Represents a chunk of text from a document, used for processing long documents.

Fields

  • :text - The chunk text content
  • :document - Reference to source document
  • :token_interval - Token range in original document
  • :char_interval - Character range in original document
  • :chunk_index - Position in sequence of chunks

Examples

iex> chunk = %LeXtract.TextChunk{
...>   text: "Sample chunk",
...>   chunk_index: 0
...> }
iex> chunk.chunk_index
0

Summary

Functions

Returns the character count of the chunk text.

Returns the byte size of the chunk text.

Types

t()

@type t() :: %LeXtract.TextChunk{
  char_interval: LeXtract.CharInterval.t() | nil,
  chunk_index: non_neg_integer() | nil,
  document: LeXtract.Document.t() | nil,
  text: String.t(),
  token_interval: LeXtract.TokenInterval.t() | nil
}

Functions

char_count(text_chunk)

@spec char_count(t()) :: non_neg_integer()

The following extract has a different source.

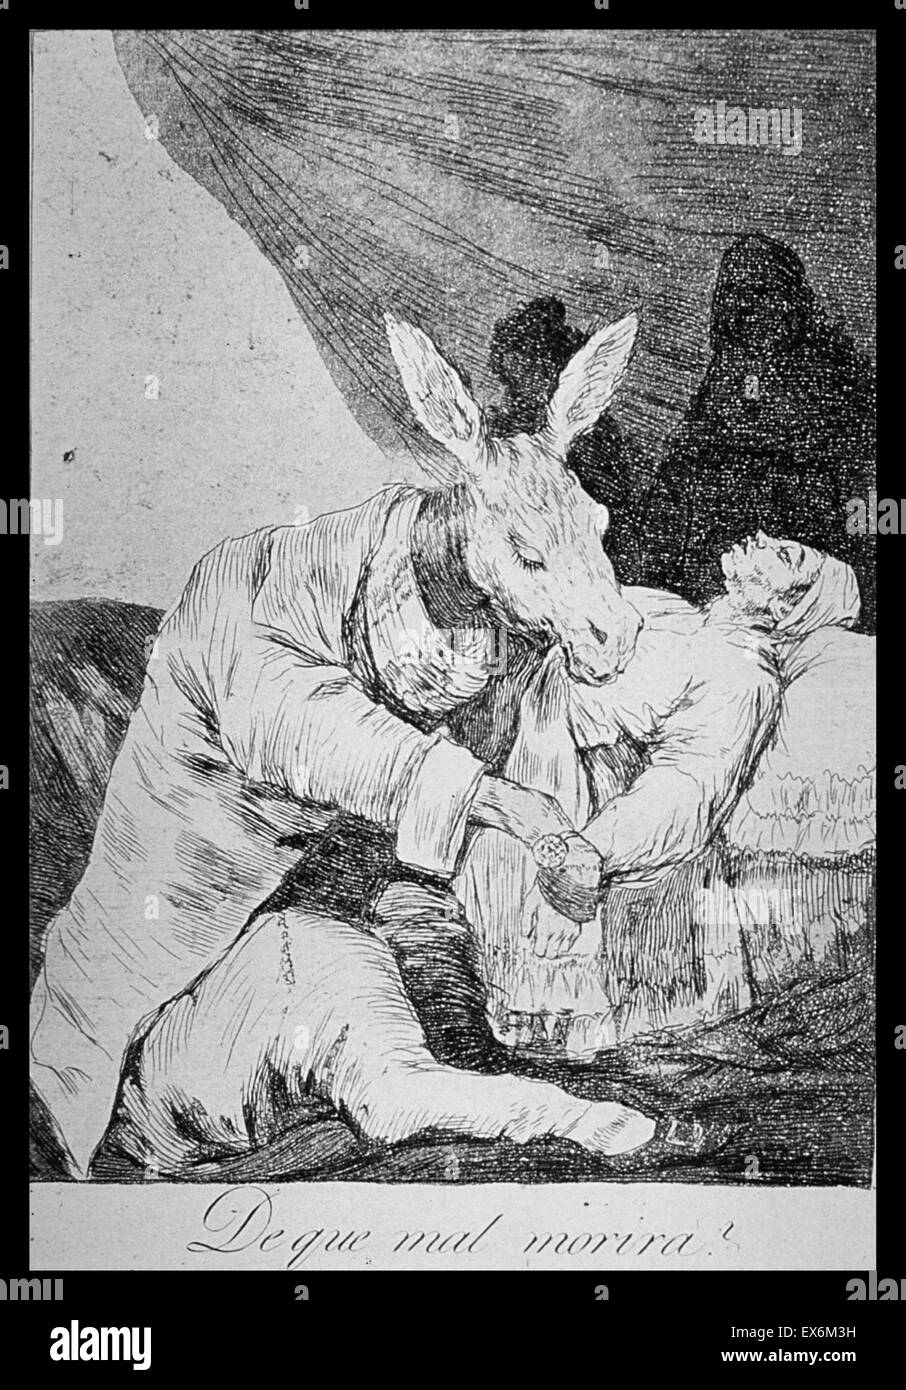 Stampare da Francisco Goya (1746-1828) Spagnolo romantico pittore e incisore considerata sia come l'ultimo dei vecchi maestri e il primo dei rinoceronti. Datato 1780 Foto Stock

Returns the character count of the chunk text.

Examples

iex> chunk = %LeXtract.TextChunk{text: "Hello"}
iex> LeXtract.TextChunk.char_count(chunk)
5

text_byte_size(text_chunk)

@spec text_byte_size(t()) :: non_neg_integer()

Returns the byte size of the chunk text.

Examples

iex> chunk = %LeXtract.TextChunk{text: "Hello"}
iex> LeXtract.TextChunk.text_byte_size(chunk)
5